Here's a very simplified example where I'd like the persistent variable inside my object class to persist across parfor iterations called by another method in the class:
classdef example
methods(Static)
function output = parforFun(n)
output = cell(n,1);
parfor x = 1:n
output{x} = example.persistentFun;
% Do something with output (not shown here)
end
output = cell2mat(output); % Ideally, every index of "output" is identical
end
function output = persistentFun
% Return the persistent variable myConstant
persistent myConstant
if isempty(myConstant)
myConstant = rand; % Define the term. Real code involves calling web service.
end
output = myConstant;
end
end
end
Why do this, you ask? In my real application, "example" is a web service class I created. I'm getting an authentication token to a web service in persistentFun so I don't want each worker to ask for its own authentication token. ***Importantly, I can't move the persistentFun call before the parfor and then distribute the token, because the token expires periodically and may expire while my parfor is running. Therefore, I want to call PersistentFun inside the parfor and not before, then let persistentFun determine when to request a new token and distribute to all workers. Also, I'd like to avoid the clunky hack of writing the token to a file and then fetching it, if possible.
Back to the example....
Now call output = example.parforFun(5) and see if the value of output is different for every index, which would indicate each parfor is using a different value for persistent myConstant.

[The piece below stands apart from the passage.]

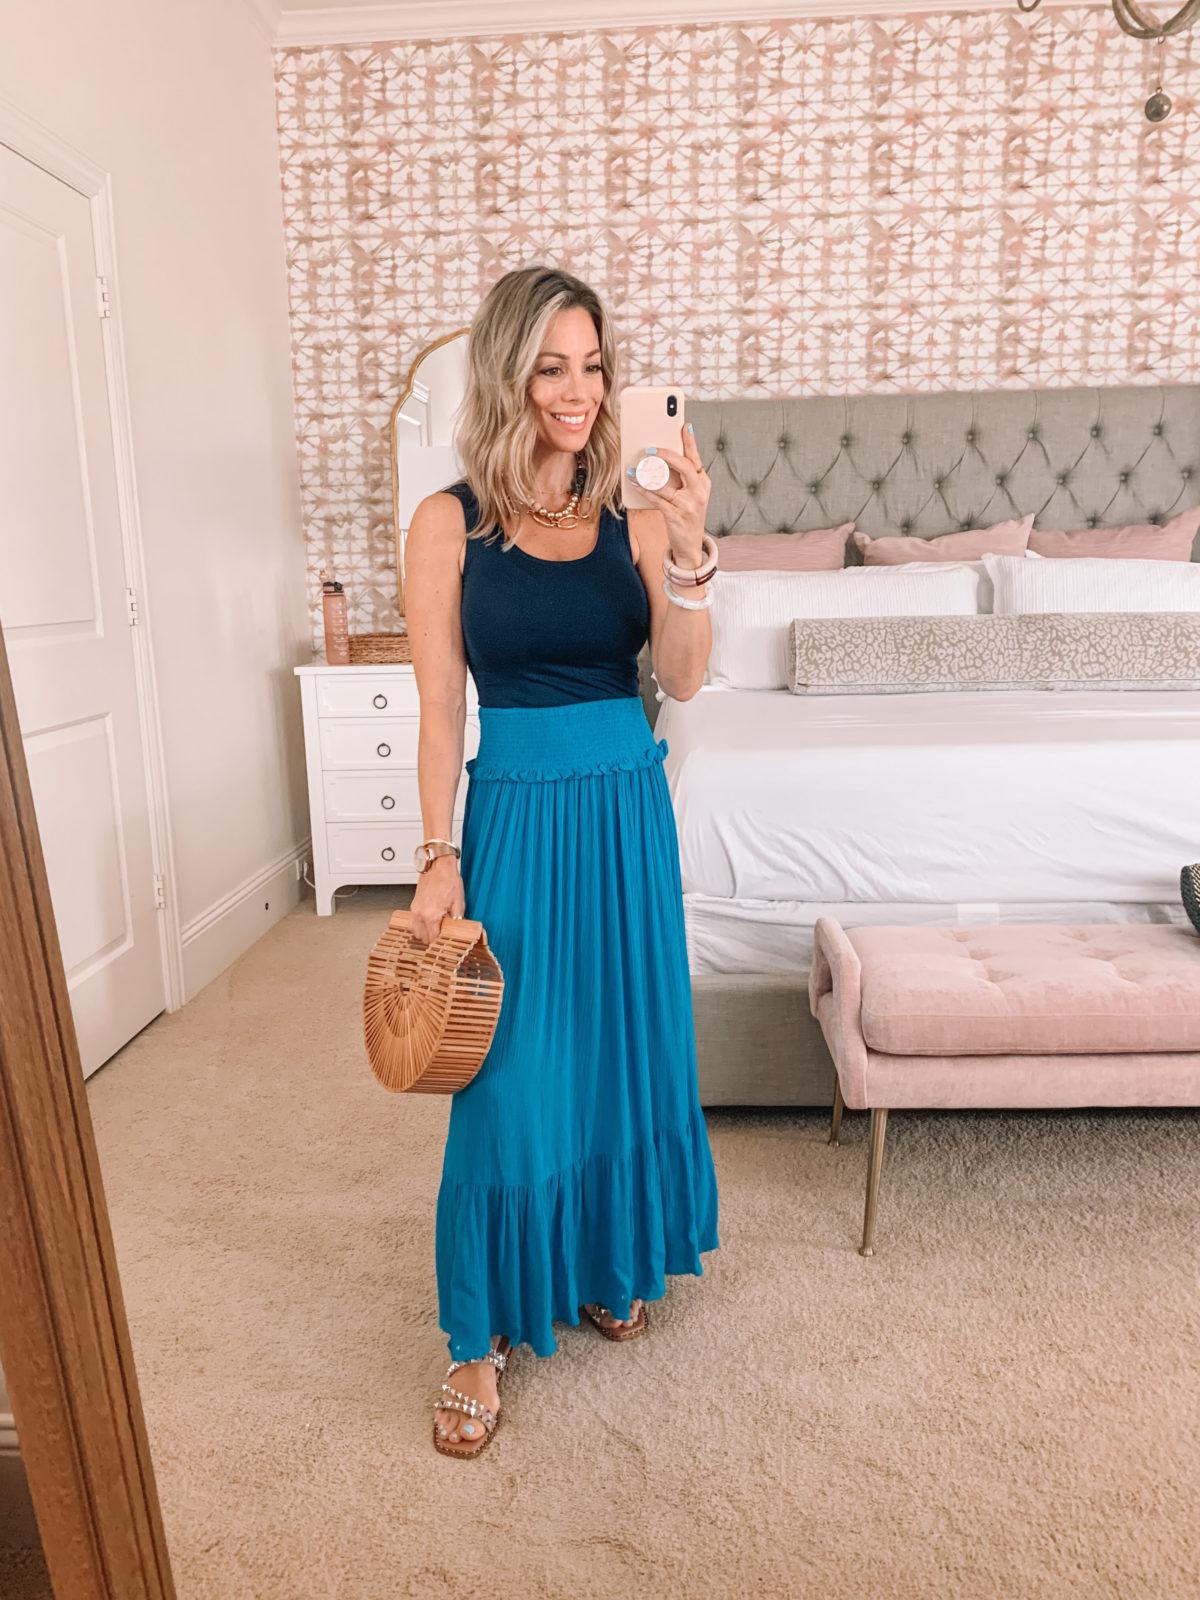 Dressing Room Finds Walmart, Bodysuit, maxi Skirt, Studded Sandals, Bamboo Clutch
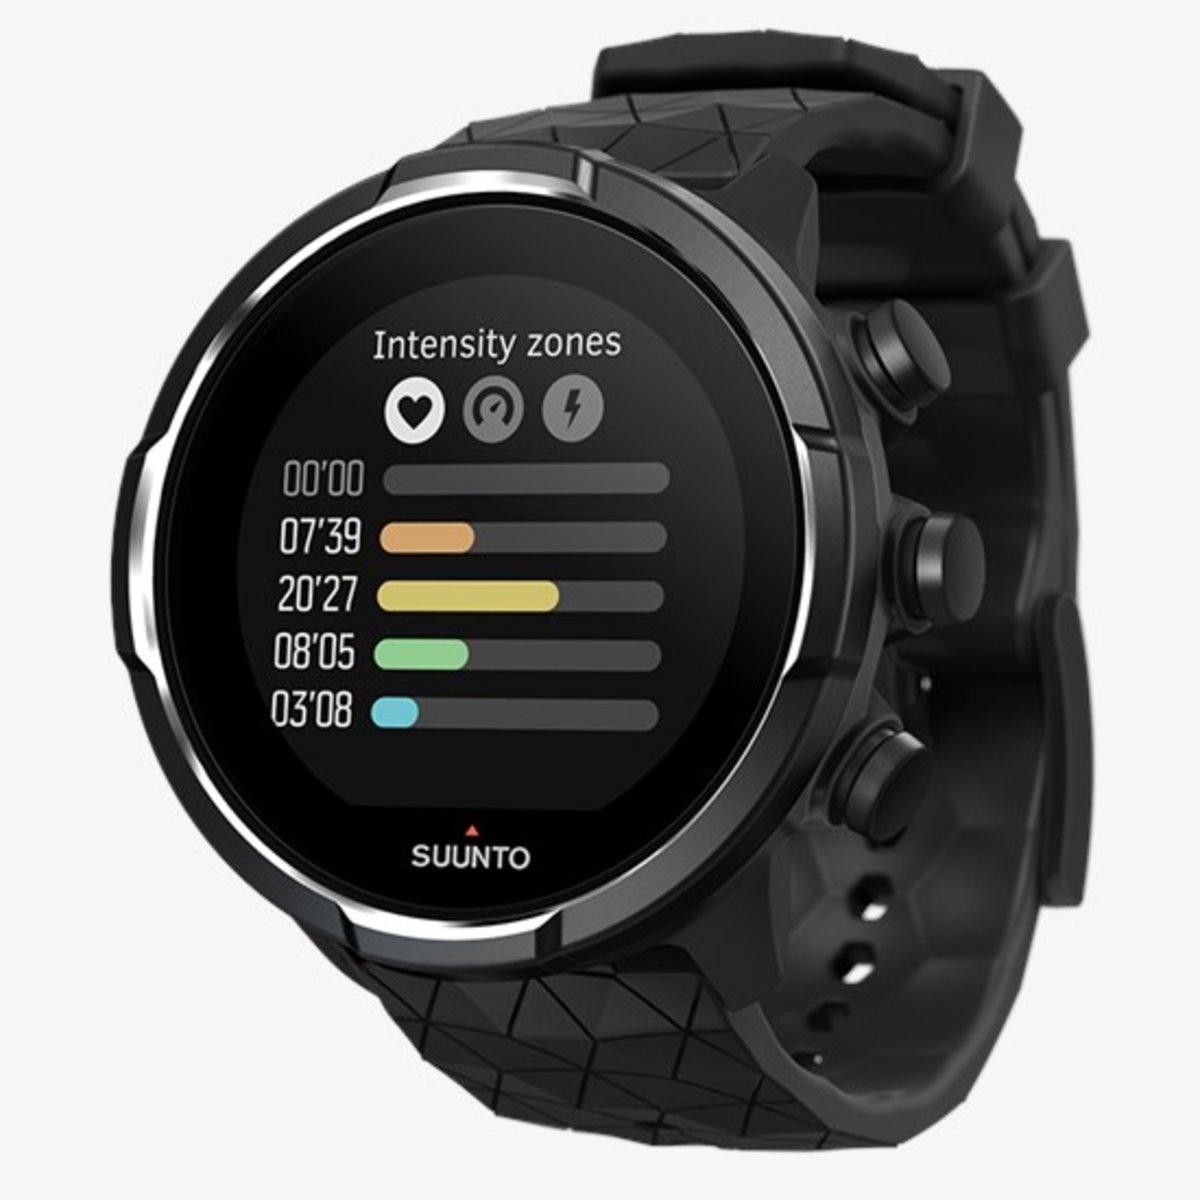 9 Baro Titanium 全方位運動智能手錶[SS050149000]

output = example.parforFun(5)
output =
0.350625385914416
1.91633571411975
1.85656023059334
1.17686837315114
4.30311363531808
You can see that the persistent "myConstant" changes between parfor calls when I would like for it to be constant. Of course, if you set a large enough input value (approaching or greater than number of workers) then you start to see repeating values, which indicates that each worker is starting to get called more than once and is retrieving its persistent variable.
By the way, the idea of putting into a separate file (i.e. creating a @example folder, adding to path, and putting everything in there) and using "addAttachedFiles(gcp,{'persistentFun.m'})" doesn't seem to resolve this issue.
I'm not seeing an obvious way to do this without writing the token to a file and then reading, but I'd like to avoid this. Any ideas?
Thanks,
Paul S
  2 Comments
Walter Roberson
Walter Roberson on 3 Sep 2019
I suggest using parfeval() to dispatch workers and parfEvalOnAll to update the tokens.
Paul Shoemaker
Paul Shoemaker on 3 Sep 2019
Walter,
Could you please elaborate just a bit on this recommendation? I don't want you to write my code for me, but I've never used either of these and I'm struggling to get something workable despite researching them and fiddling with my code.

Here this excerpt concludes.